Ребята, которые смотрели снизу, только ахнули, когда увидели, как меня погубил дурацкий флаер, а тренер крикнул им, чтобы развернули еще не надутый пузырь и подняли. Но конечно, они бы не успели ничего сделать — уж очень быстро я падала вниз.

Володя Дегрелль, один из немногих, сообразивших, что произошло, бросил свой пузырь так, чтобы попасть под меня у самой земли. Он страшно рисковал, он, конечно, большой мастер, один из десятки лучших слаломистов Европы, он почти успел, но тоже только почти. Успел лишь Кер.

Ему (и мне, конечно) повезло, что он кружил почти подо мной, поглядывал вверх, словно предчувствуя неладное. И тут он видит, что я благополучно валюсь с неба в пузыре, который на глазах превращается в прозрачную тряпку со мной в центре. Надо ж было ему сообразить — он полетел вниз с такой же скоростью и, когда поравнялся со мной, всего метрах в пятидесяти-семидесяти от земли, подхватил меня и начал отчаянно бить крыльями, чтобы задержать мое падение.

И в результате мы с ним грохнулись на киевский пузырь, который подбросил нас вверх, и упали на растянутое ребятами полотно. Это не значит, что мы не расшиблись. Мы, конечно, расшиблись. Я отделалась синяками, а Кер сломал пальцы правой руки и вывихнул ногу.

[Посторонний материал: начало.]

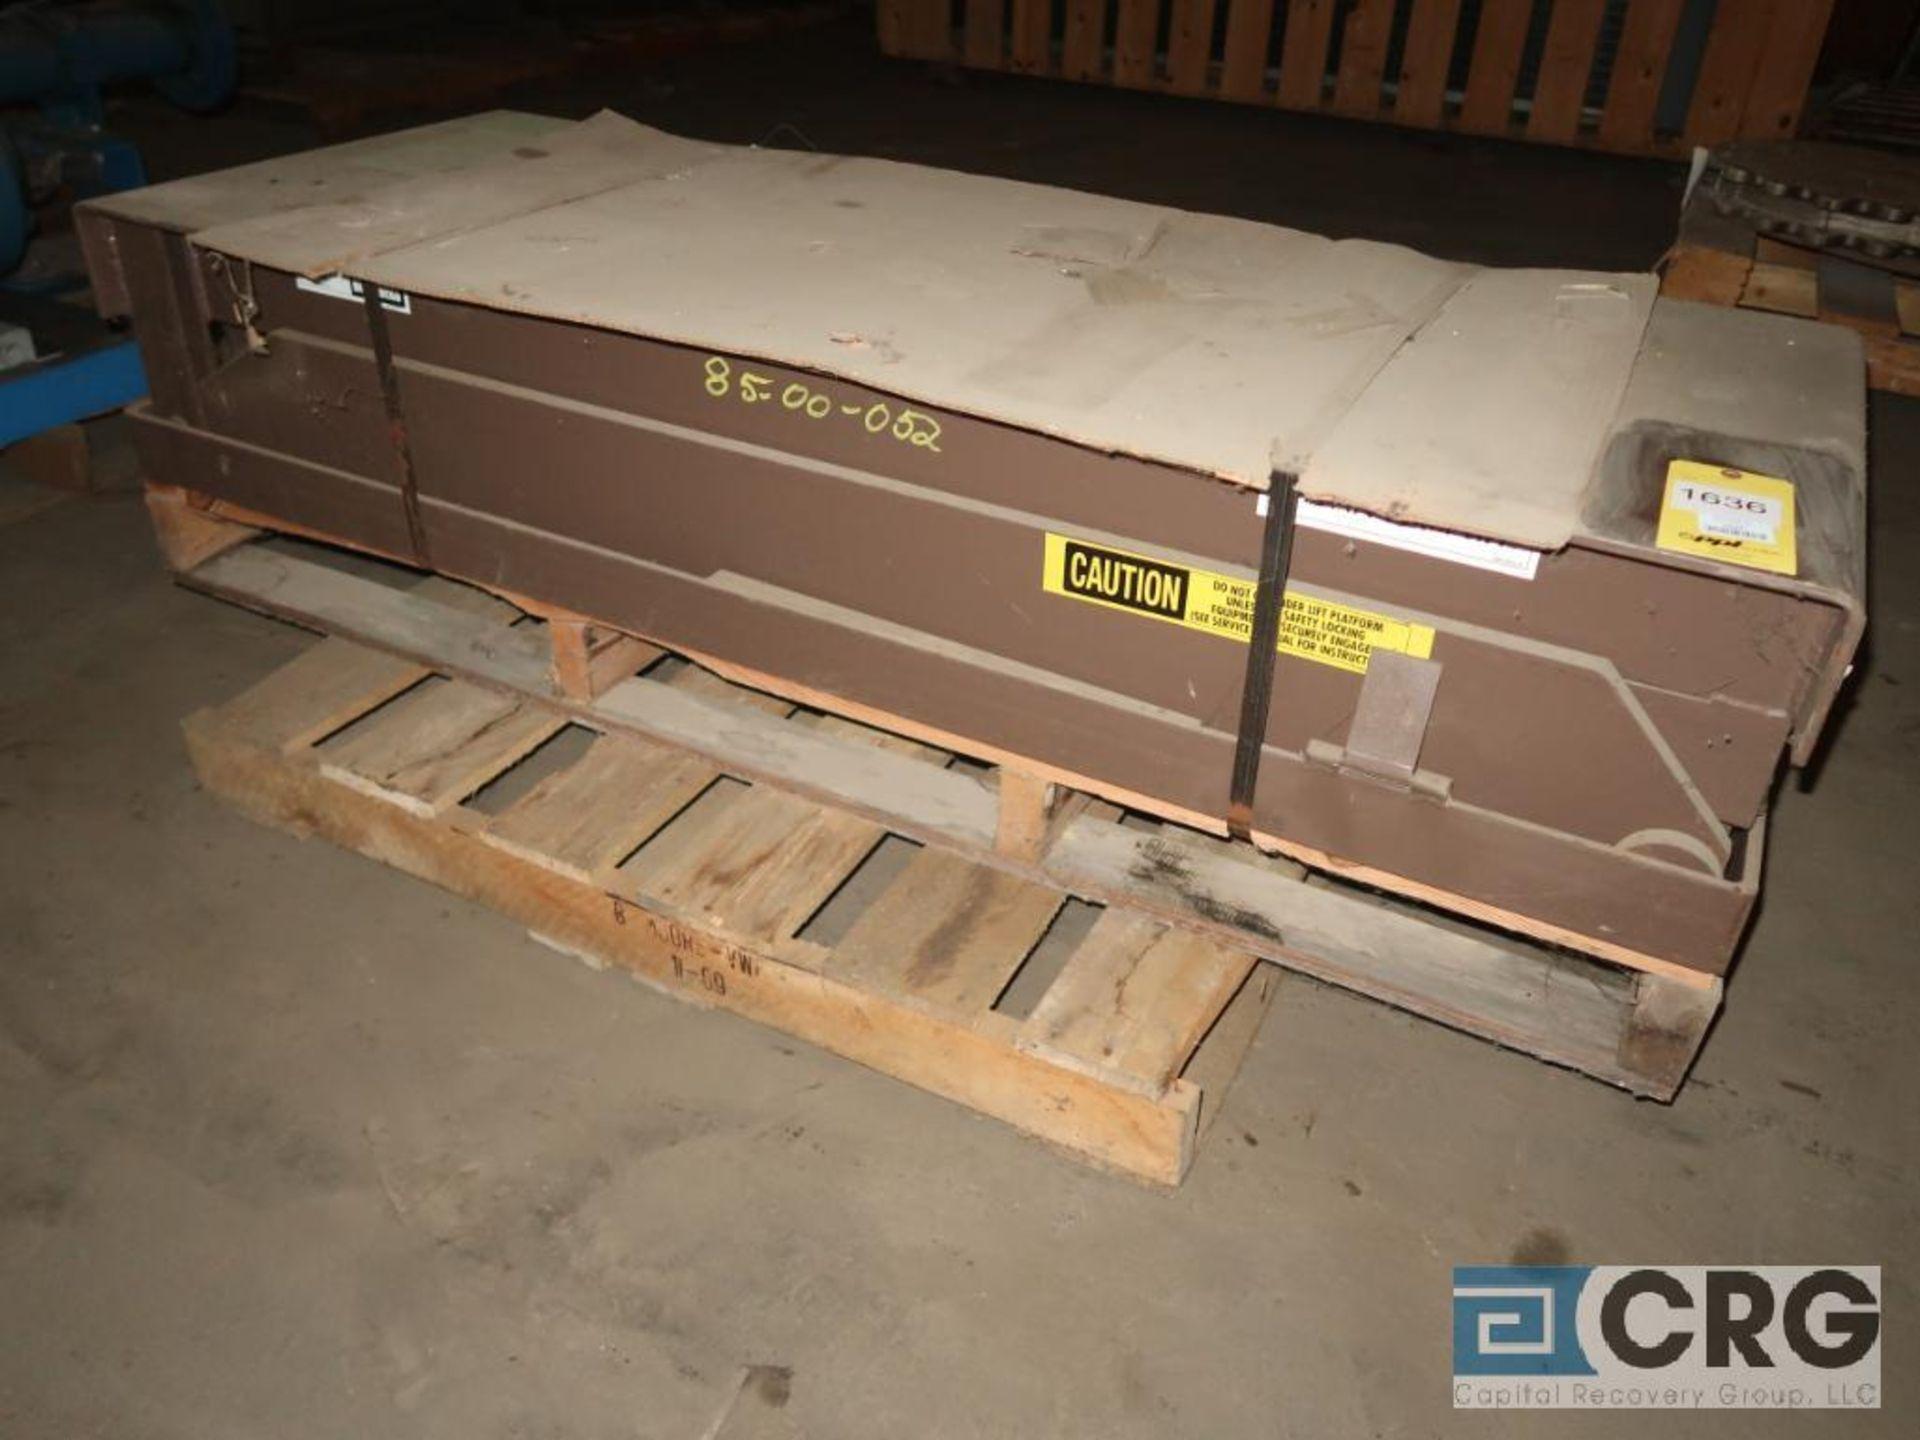 Autoquip GC8FJ hydraulic lift table, 64 in. L x 24 in. W, 8,000 lb. cap., s/n 61187 (Off Site

Нас кое-как залатали, все слишком много говорили о Кере, о его сообразительности, решительности, а он терпел перевязки — наркоза ему дать нельзя, — было ему страшно больно, но он терпел. Очень был на меня зол, шипел, как три года не шипел, тогда я, хоть и все во мне болело, протянула ему руку и сказала:

— Хочешь, укуси, если легче станет.

А он отвернулся и больше на меня не смотрел, хоть я, как только встала через два дня, сразу приползла к нему и уж не отходила от его постели.

Приходил с извинениями тот идиот-турист, он оказался очень милым парнем, океанологом, он мне даже понравился, и я на него не сердилась, но Кер глядел на него таким мрачным взглядом, что океанолог вскоре ушел, смущенный и запуганный.

Мы вернулись в Москву, так я и не попала в сборную, меня даже на полгода отстранили от полетов за то, что я поднялась без парашюта.

Я уже встала, Кер еще лежал, у него плохо срастались пальцы, все светила космобиологии побывали у нас дома, его навещали и другие бывшие малыши, я часто сидела с ним, и он, большой уже, взрослый, когда никто не видел, просил меня знаками — ему все время было больно, — чтобы я читала ему вслух детские книжки, которые читала ему бабушка.

Но бывают такие заколдованные круги. Вот меня не было дома, когда Кер приехал, и не было дома, когда стало известно, что ему надо уезжать.

Раз уж я совсем выздоровела, то сидеть дома до конца каникул не было смысла. И Кер это тоже понимал. Он немного окреп, ходил по дому, стал заниматься — он решил все-таки пройти университетский курс. А я отправилась в туристский поход. В самый обычный, на байдарке, на две недели. Кер остался в Москве.

Я помню, вечером лежала я у костра, смотрела на звезды и думала: «Вот на одной из них живет родня моего Кера и не знает, как далеко его занесло от дома и он вынужден рисковать своей жизнью из-за своей старшей сестры, которая ему вовсе и не сестра и которую он в лучшие времена и узнавать бы не захотел». И еще я думала, каково ему смотреть на эти звезды и понимать то же, что понимаю я.

Тут я услышала, что к берегу пристала чья-то чужая байдарка — другие туристы приехали. Я не стала вставать, не было настроения. Только краем уха слышала, о чем они там говорят. Потом слышу, один из приехавших, прихлебывая чай, вещает:

— А вы когда-нибудь видали крылатиков?

— Кого? — спрашивает Ирина, моя подруга.

— Крылатиков. Знаете, несколько лет назад их нашли в космосе и потом на Землю привезли?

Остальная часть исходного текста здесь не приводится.